◆ **STORED DATA**:
--- START ---
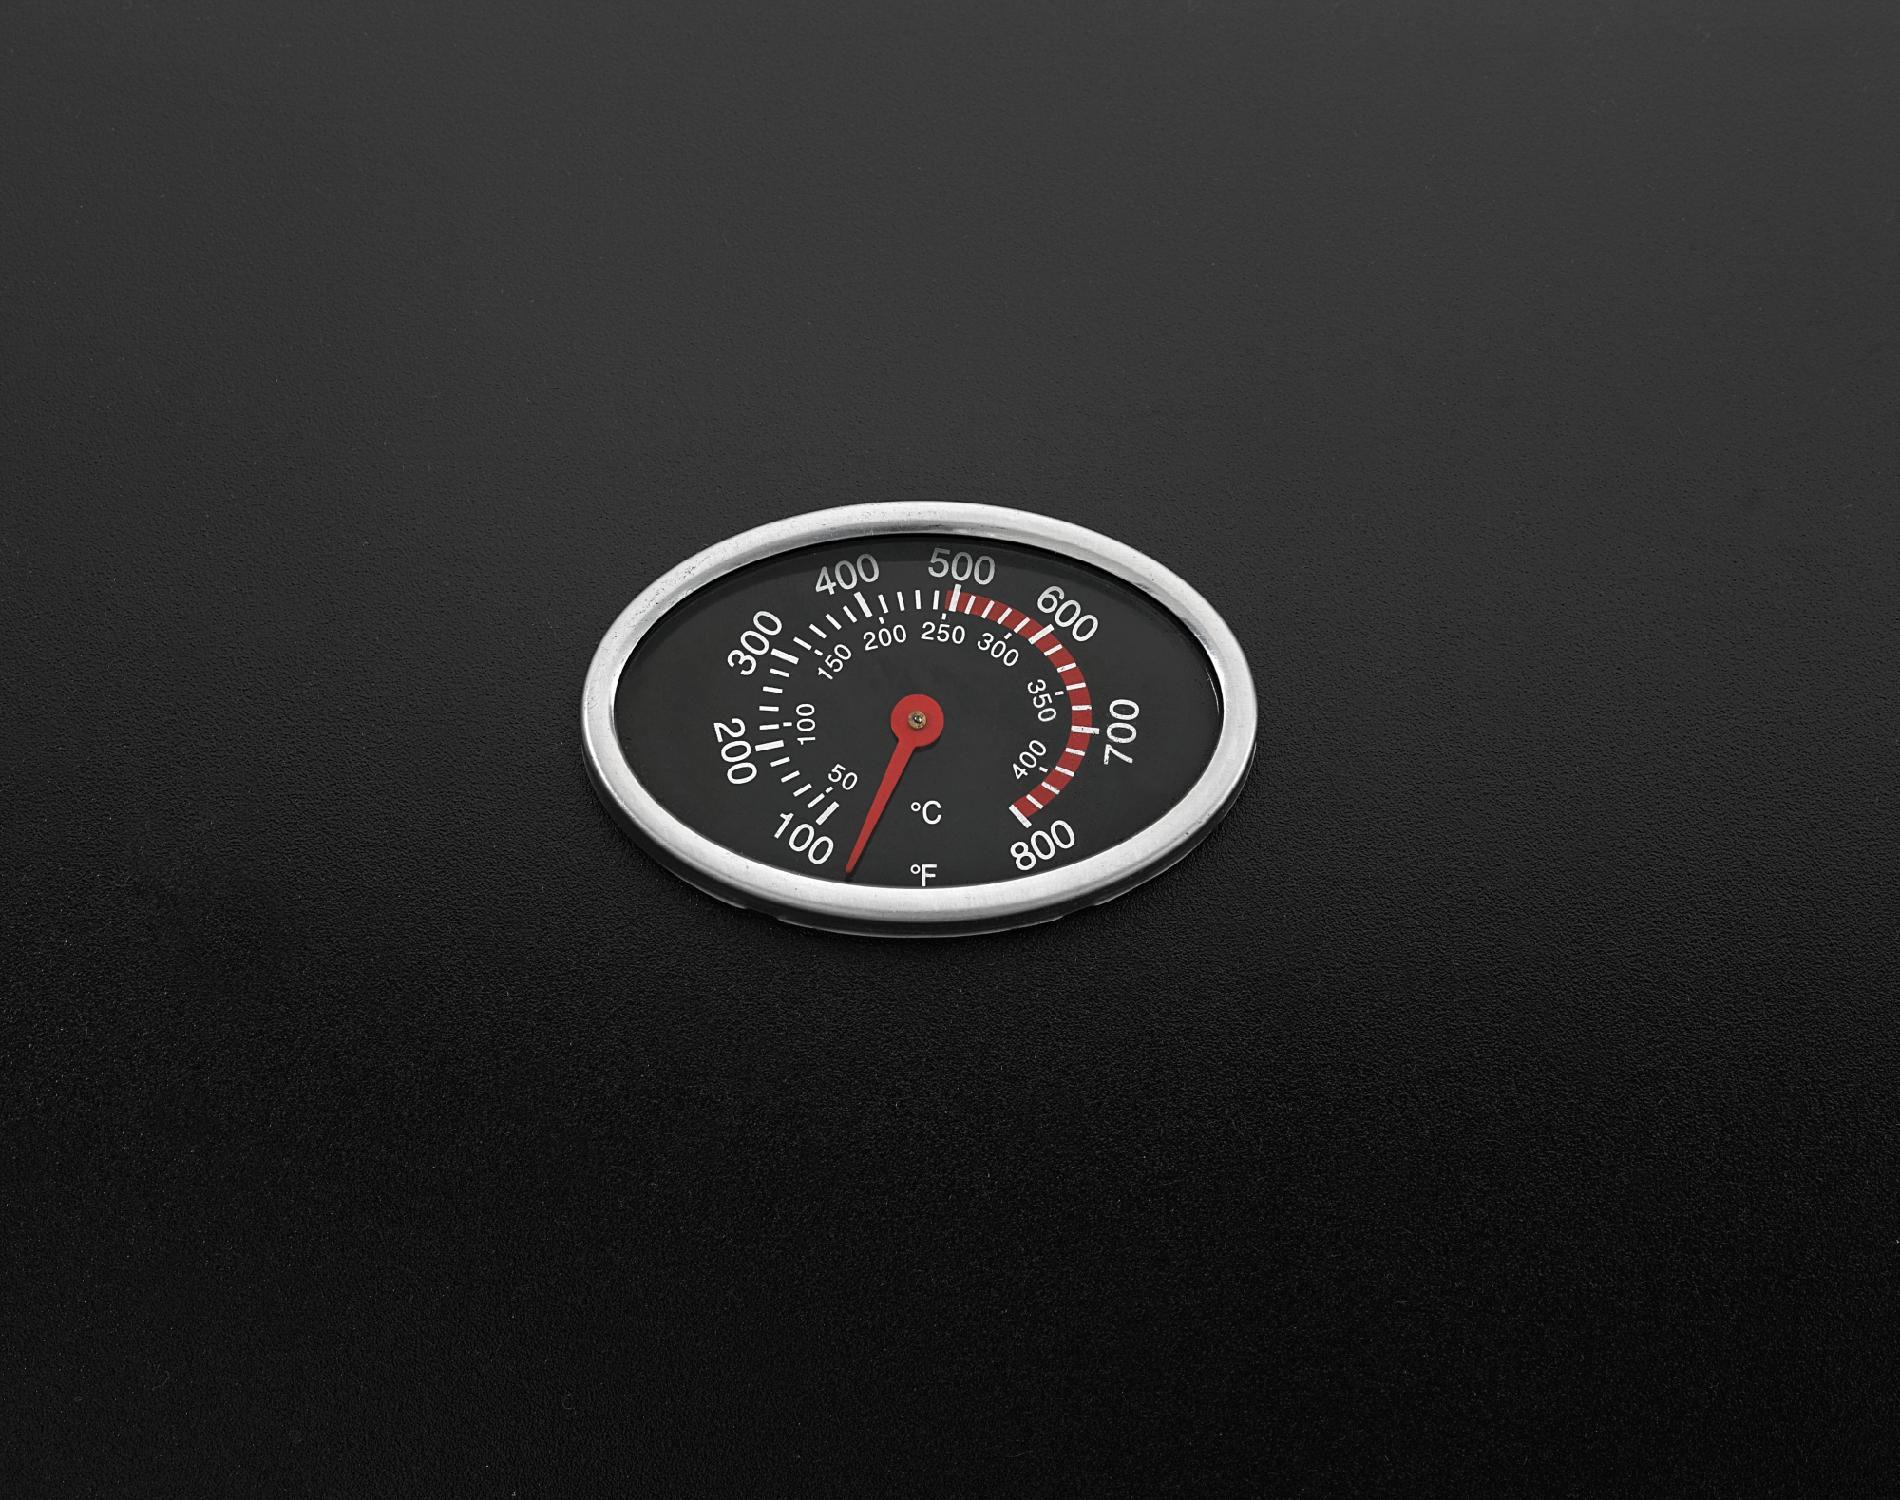 BBQ Pro 4 Burner Gas Grill
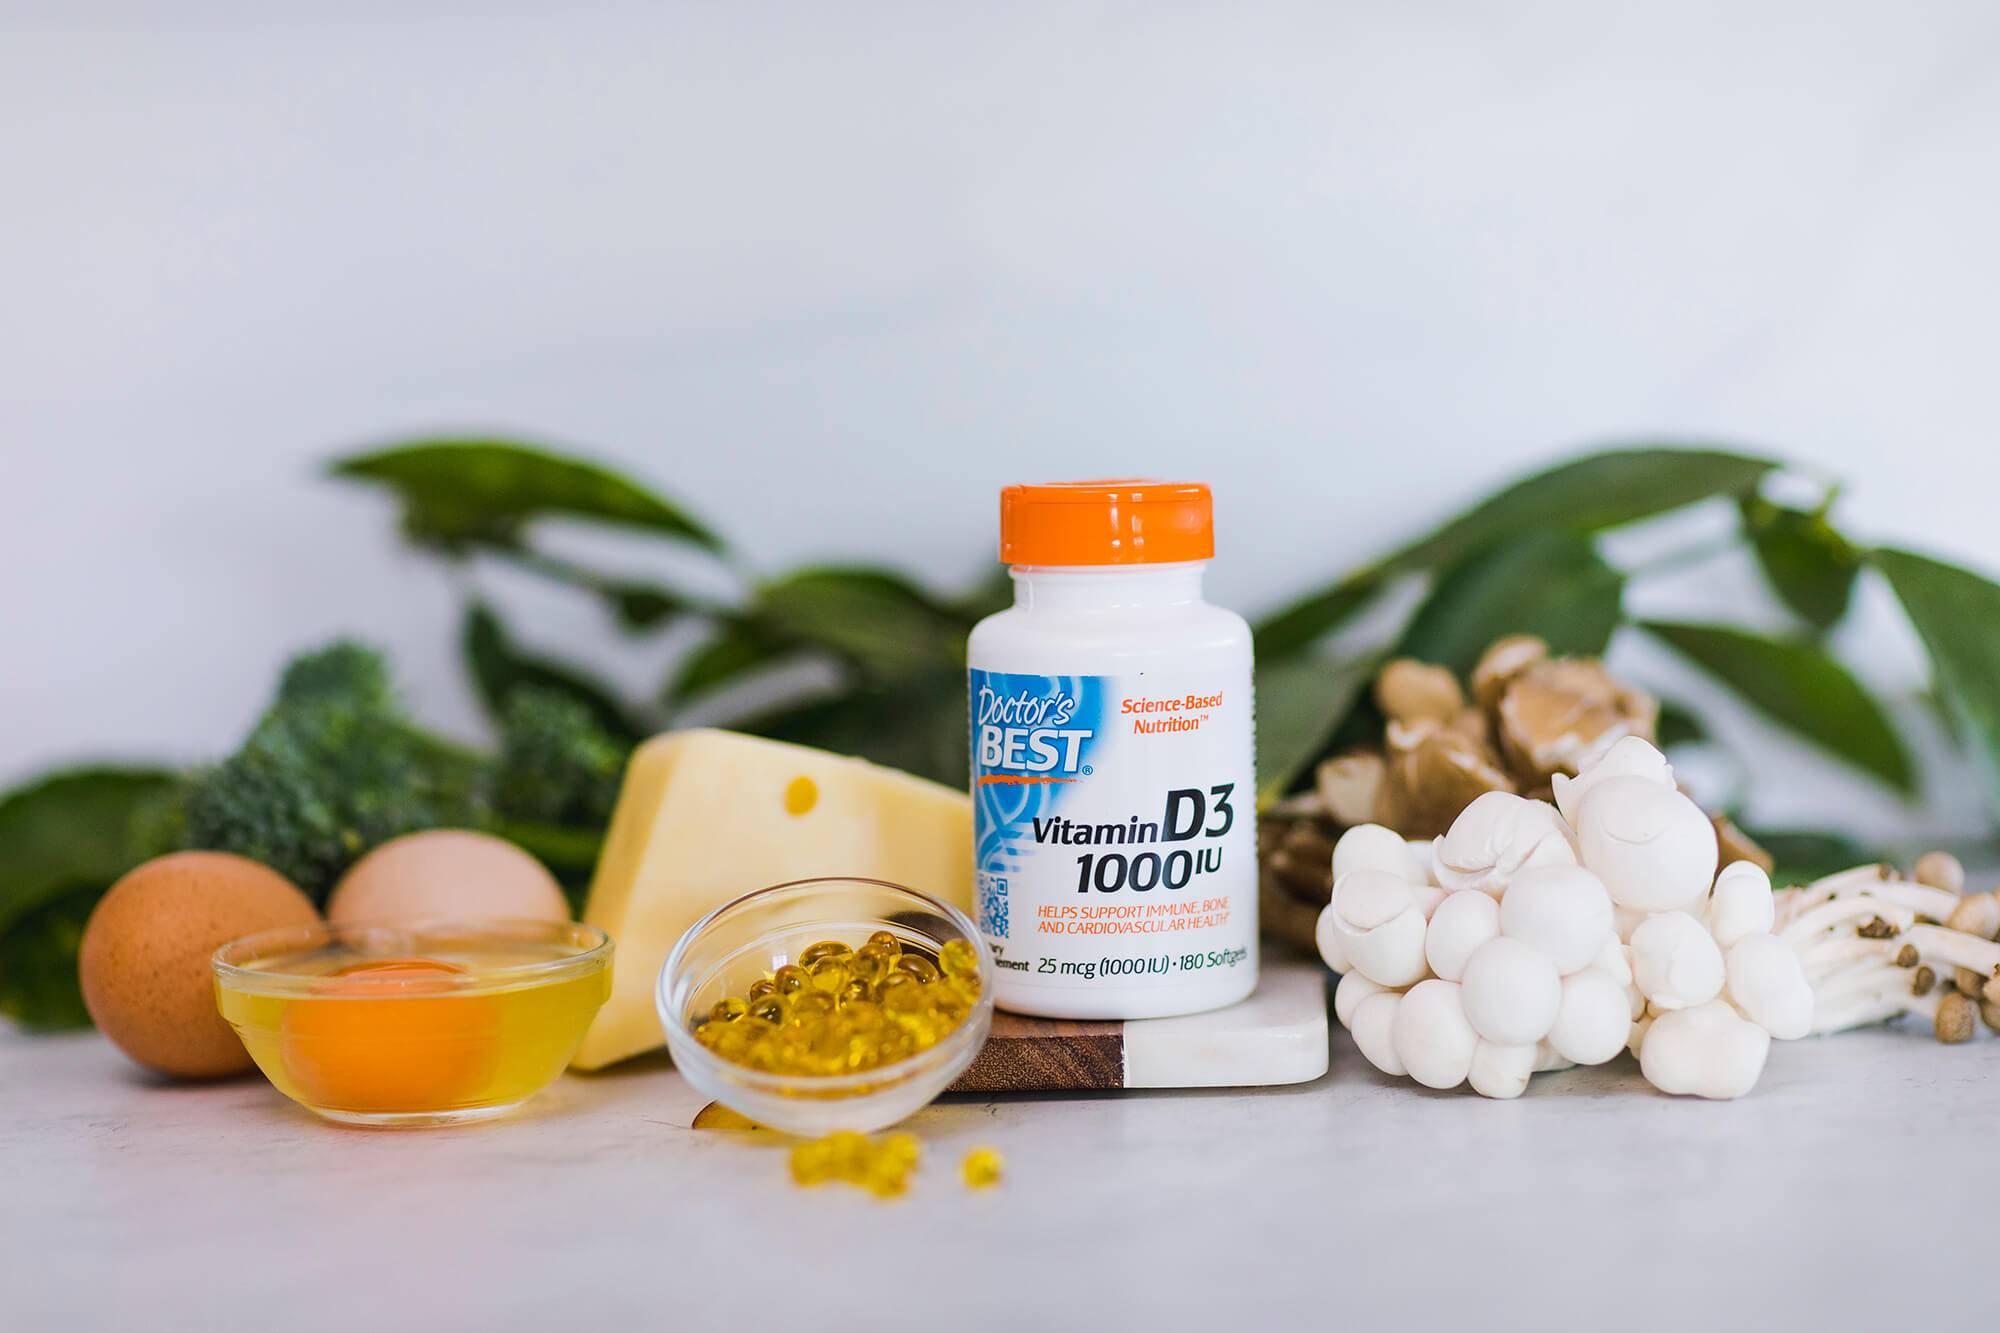 Витамин D3 1000 IU 180 гел-капсули от Doctor's Best на идеална цена подпомага здравето и структурата на костите и зъбите и се бори с раковите заболявания.
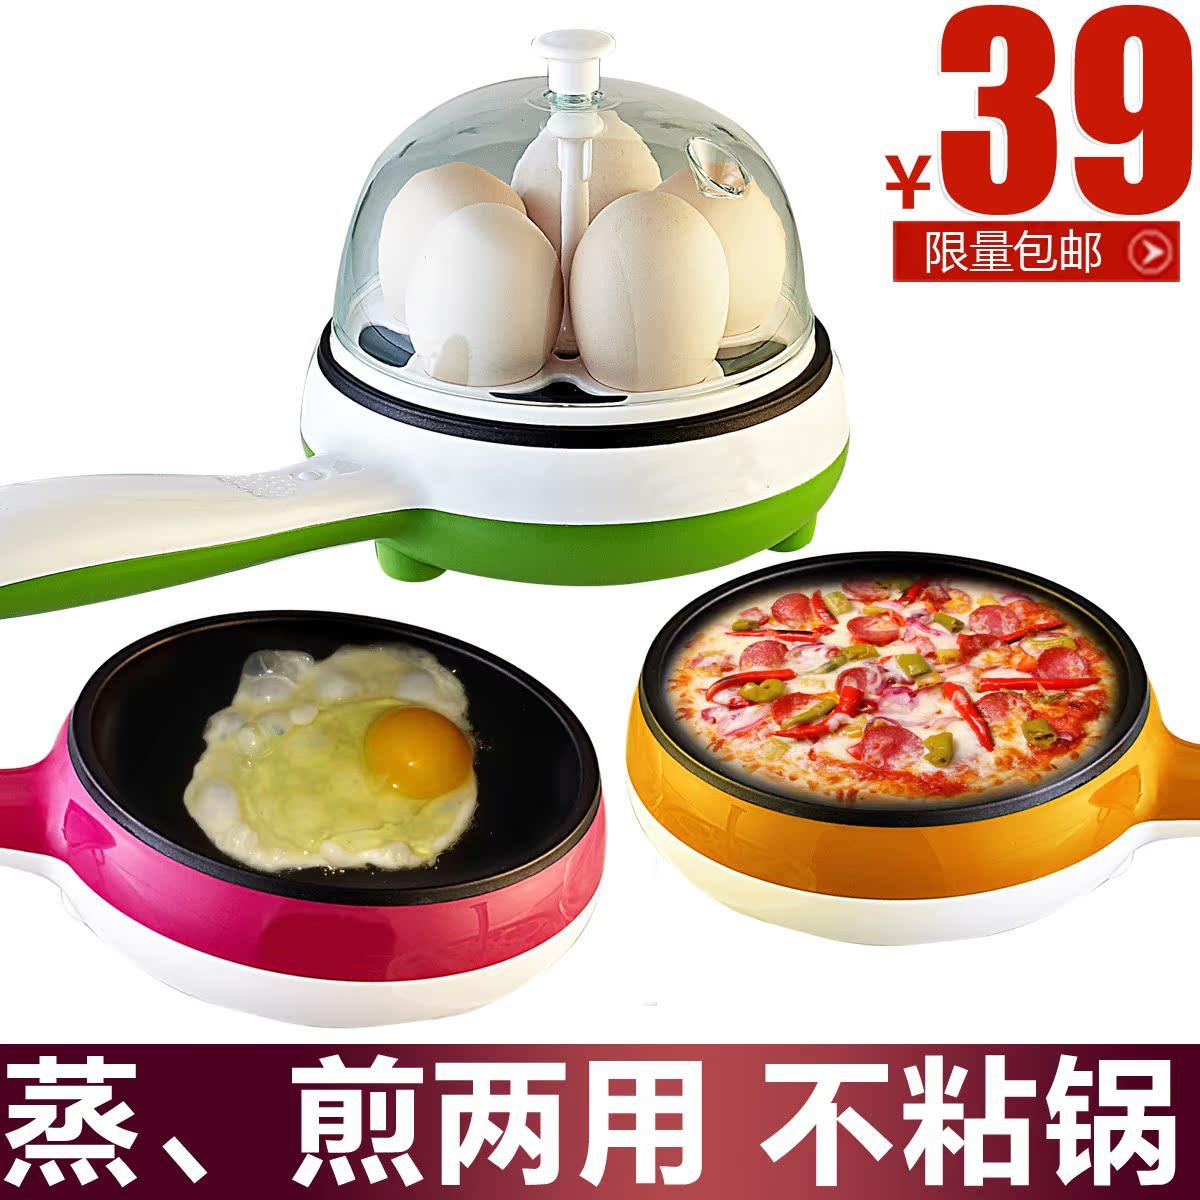 鑫虎煮蛋器不粘锅煎蛋器 多功能营养早餐蛋炒饭小蒸蛋机 特价包邮
--- END ---
◆ **YOUR GOAL**: Output nothing but the lines from the line with "Витамин D3 1000" through the last line of the material above, please, word for word and without the pictures.

◆ **ANSWER SPACE**:
 Витамин D3 1000 IU 180 гел-капсули от Doctor's Best на идеална цена подпомага здравето и структурата на костите и зъбите и се бори с раковите заболявания.
 鑫虎煮蛋器不粘锅煎蛋器 多功能营养早餐蛋炒饭小蒸蛋机 特价包邮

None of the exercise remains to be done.